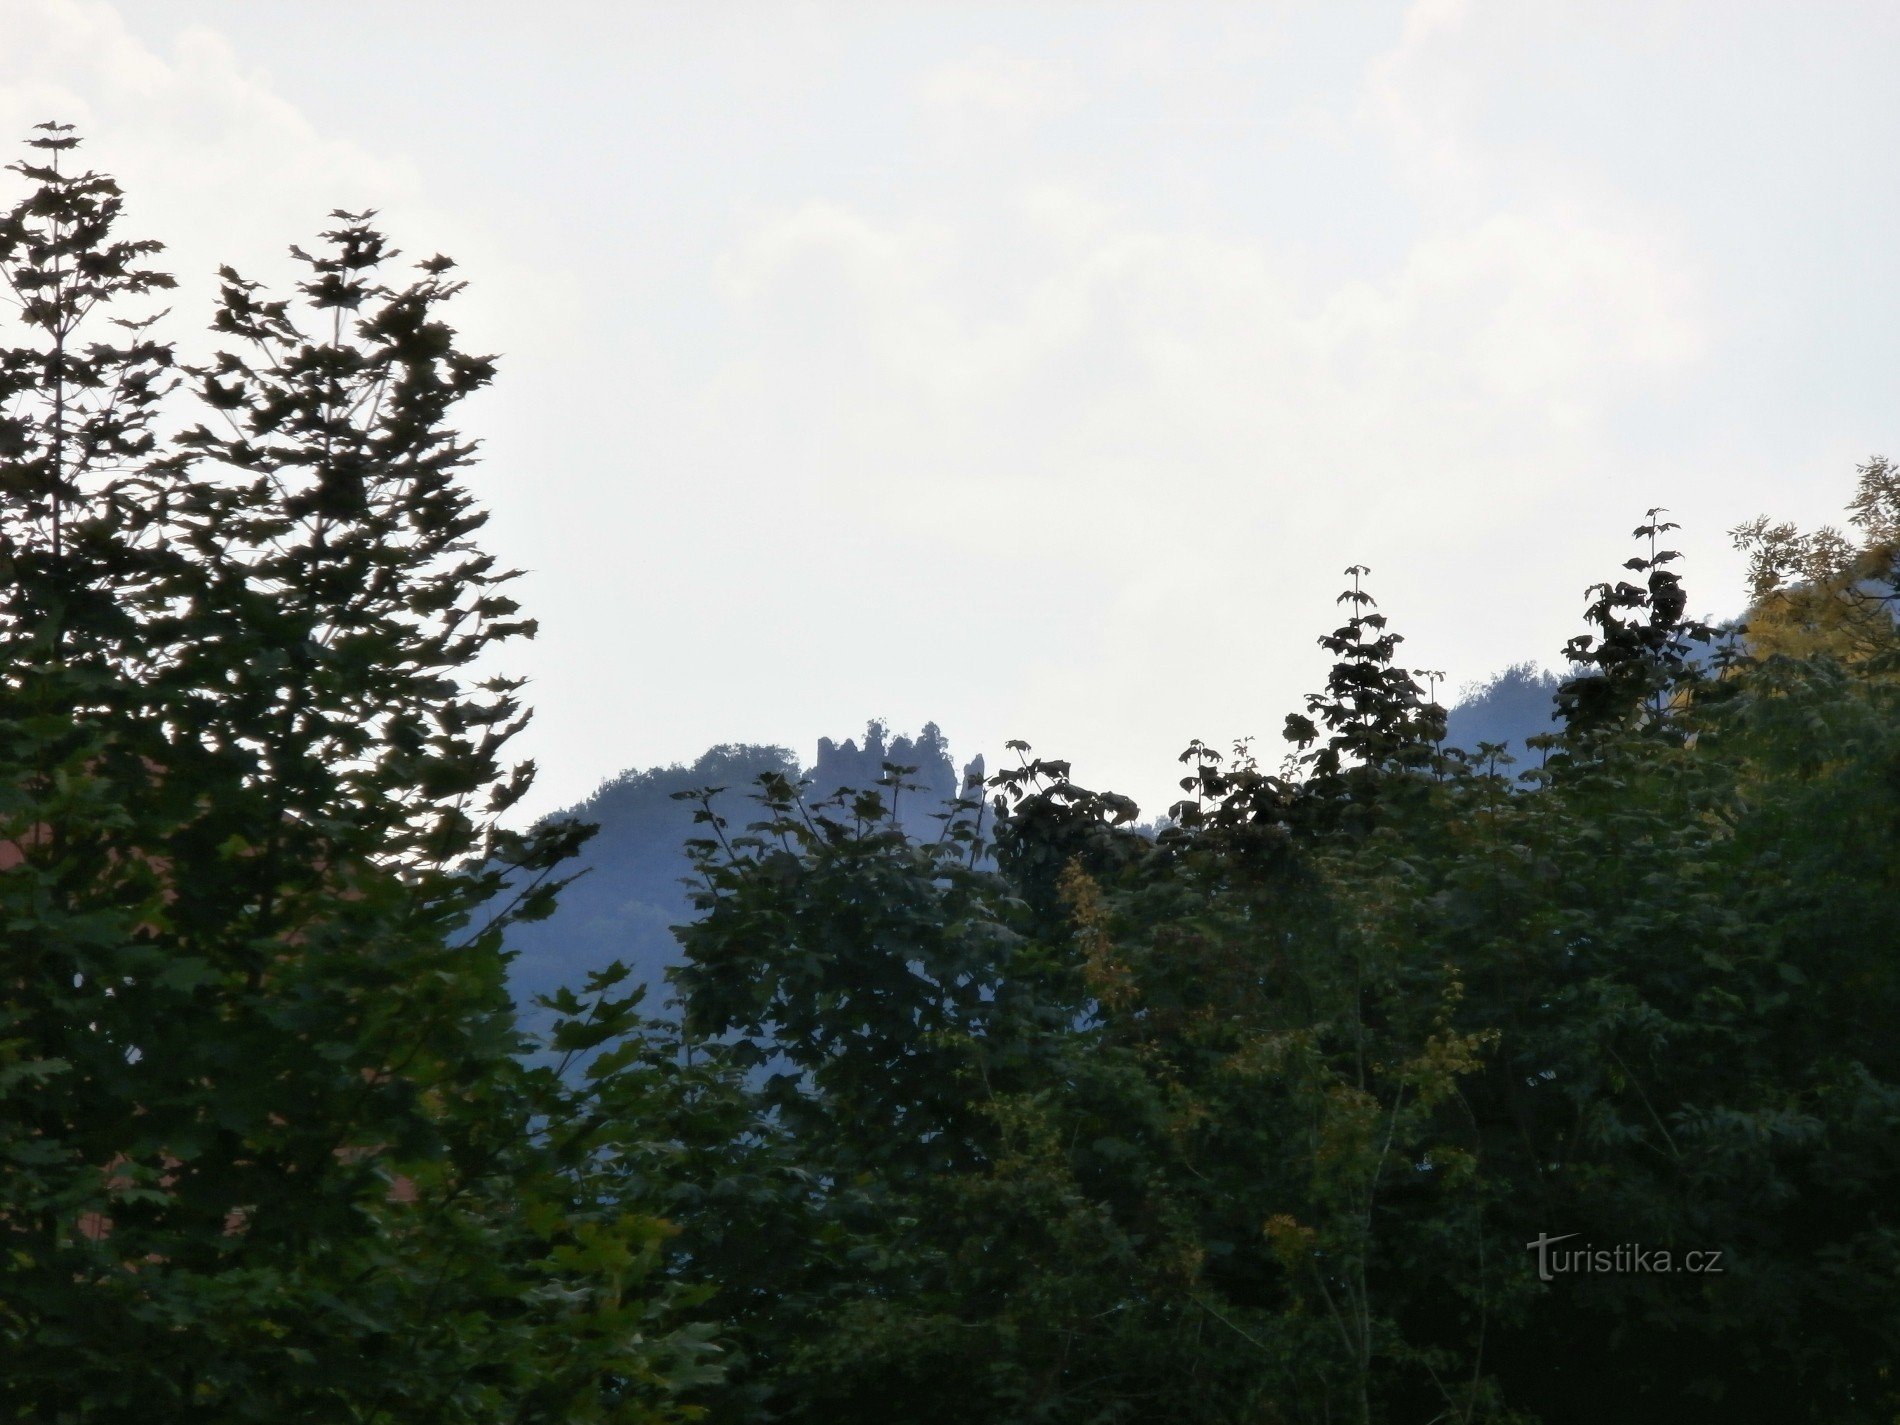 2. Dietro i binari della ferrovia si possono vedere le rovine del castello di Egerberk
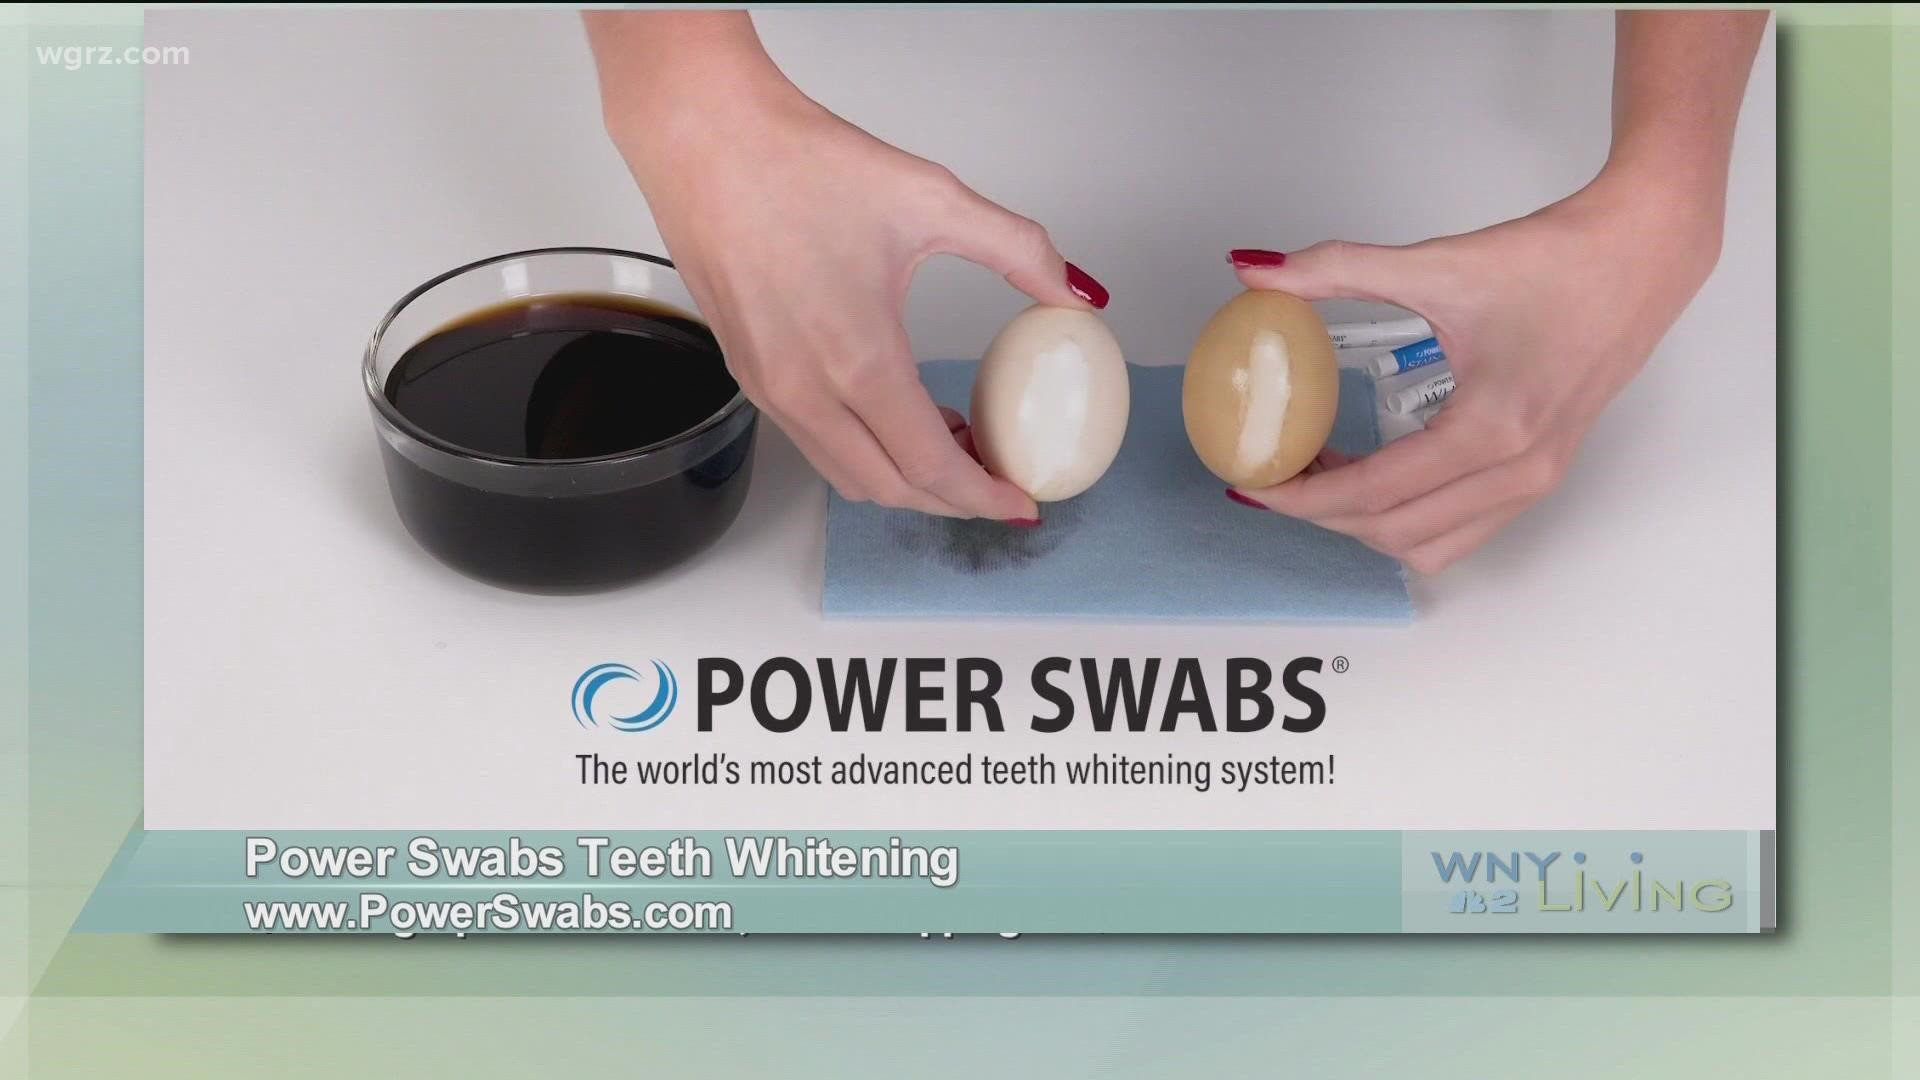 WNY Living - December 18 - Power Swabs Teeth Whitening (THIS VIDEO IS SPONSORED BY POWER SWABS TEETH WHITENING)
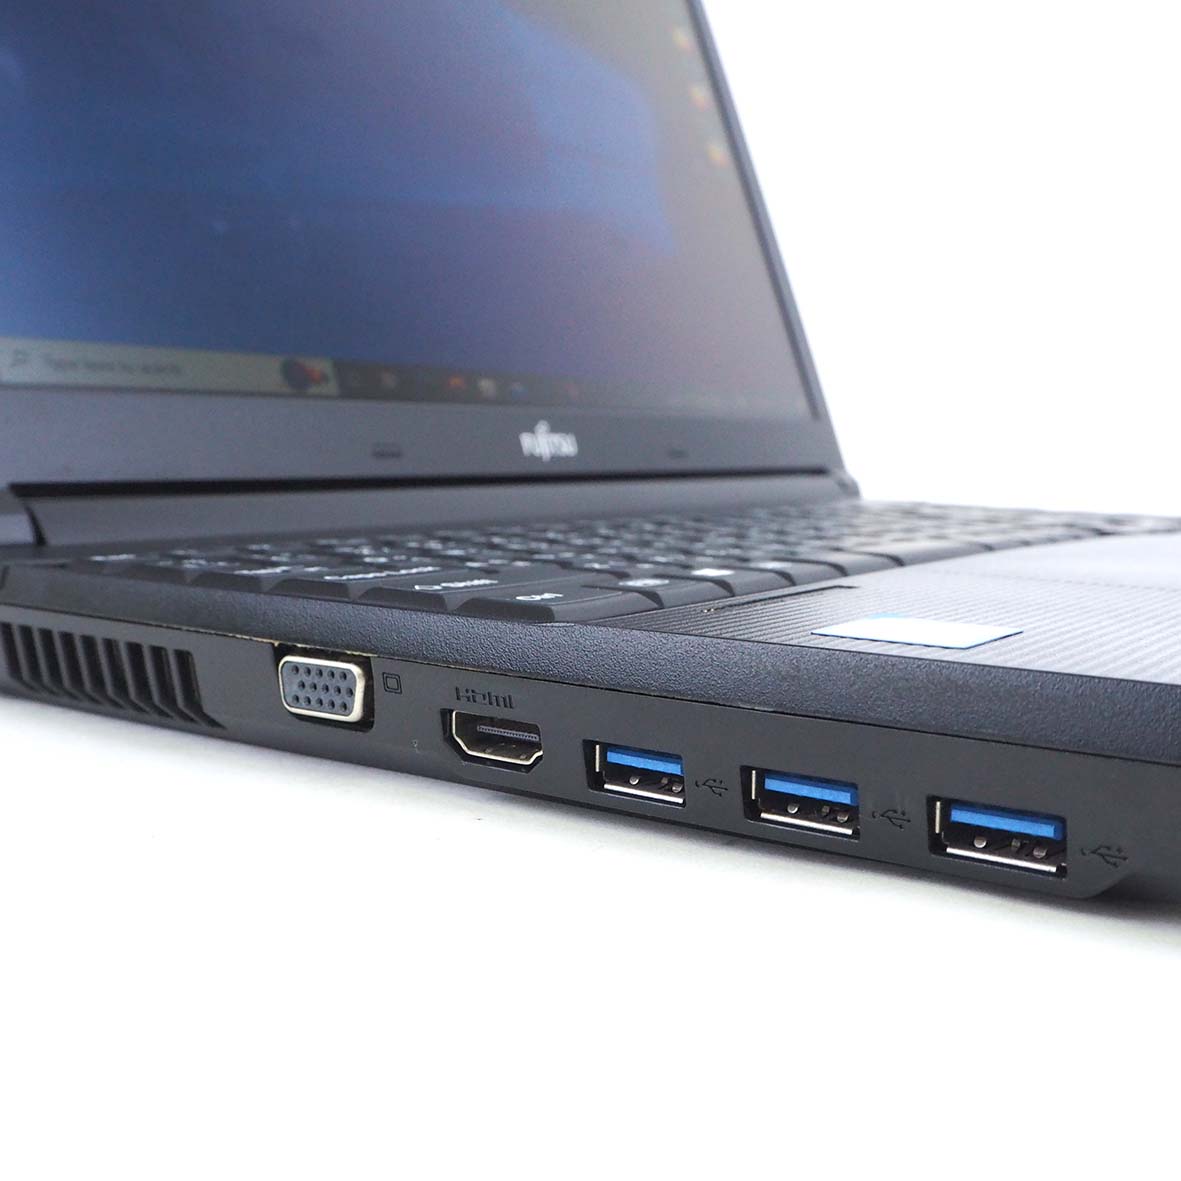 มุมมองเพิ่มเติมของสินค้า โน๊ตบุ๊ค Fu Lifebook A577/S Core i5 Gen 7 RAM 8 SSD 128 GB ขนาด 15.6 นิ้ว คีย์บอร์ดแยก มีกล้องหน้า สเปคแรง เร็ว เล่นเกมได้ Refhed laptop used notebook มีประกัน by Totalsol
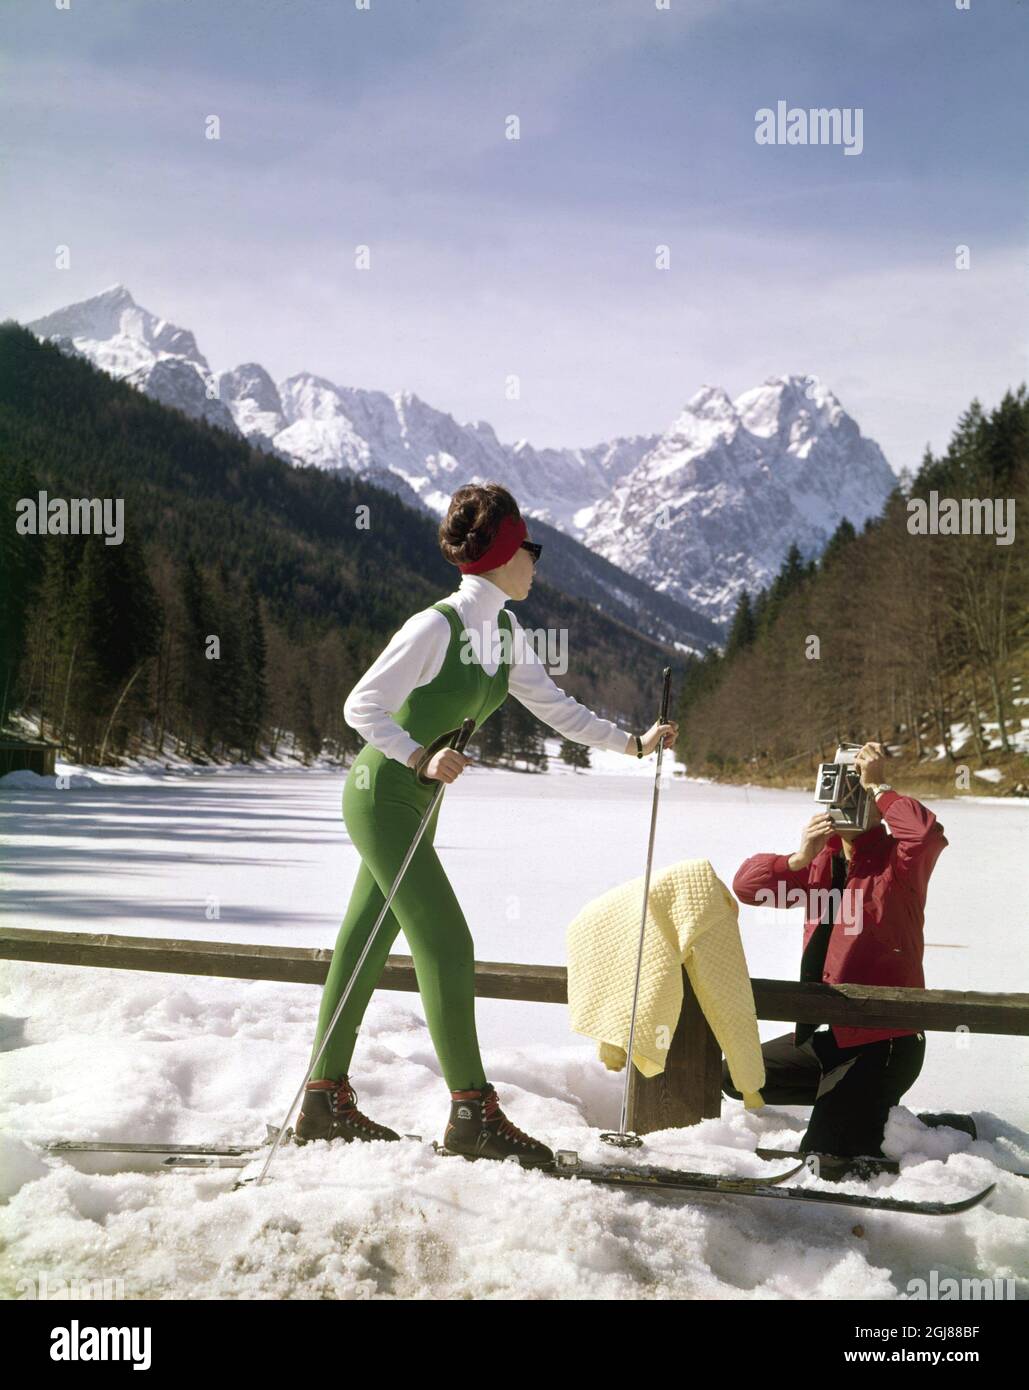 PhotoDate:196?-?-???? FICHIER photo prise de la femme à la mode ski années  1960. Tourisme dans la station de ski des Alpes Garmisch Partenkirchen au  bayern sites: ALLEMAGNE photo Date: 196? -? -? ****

About this exercise: The copy should run from the first line of the material above through the line with "มุมมองเพิ่มเติมของสินค้า โน๊ตบุ๊ค Fu", repeated exactly and without pictures.

Response to this exercise:
 2. Dietro i binari della ferrovia si possono vedere le rovine del castello di Egerberk
 WNY Living - December 18 - Power Swabs Teeth Whitening (THIS VIDEO IS SPONSORED BY POWER SWABS TEETH WHITENING)
 มุมมองเพิ่มเติมของสินค้า โน๊ตบุ๊ค Fu Lifebook A577/S Core i5 Gen 7 RAM 8 SSD 128 GB ขนาด 15.6 นิ้ว คีย์บอร์ดแยก มีกล้องหน้า สเปคแรง เร็ว เล่นเกมได้ Refhed laptop used notebook มีประกัน by Totalsol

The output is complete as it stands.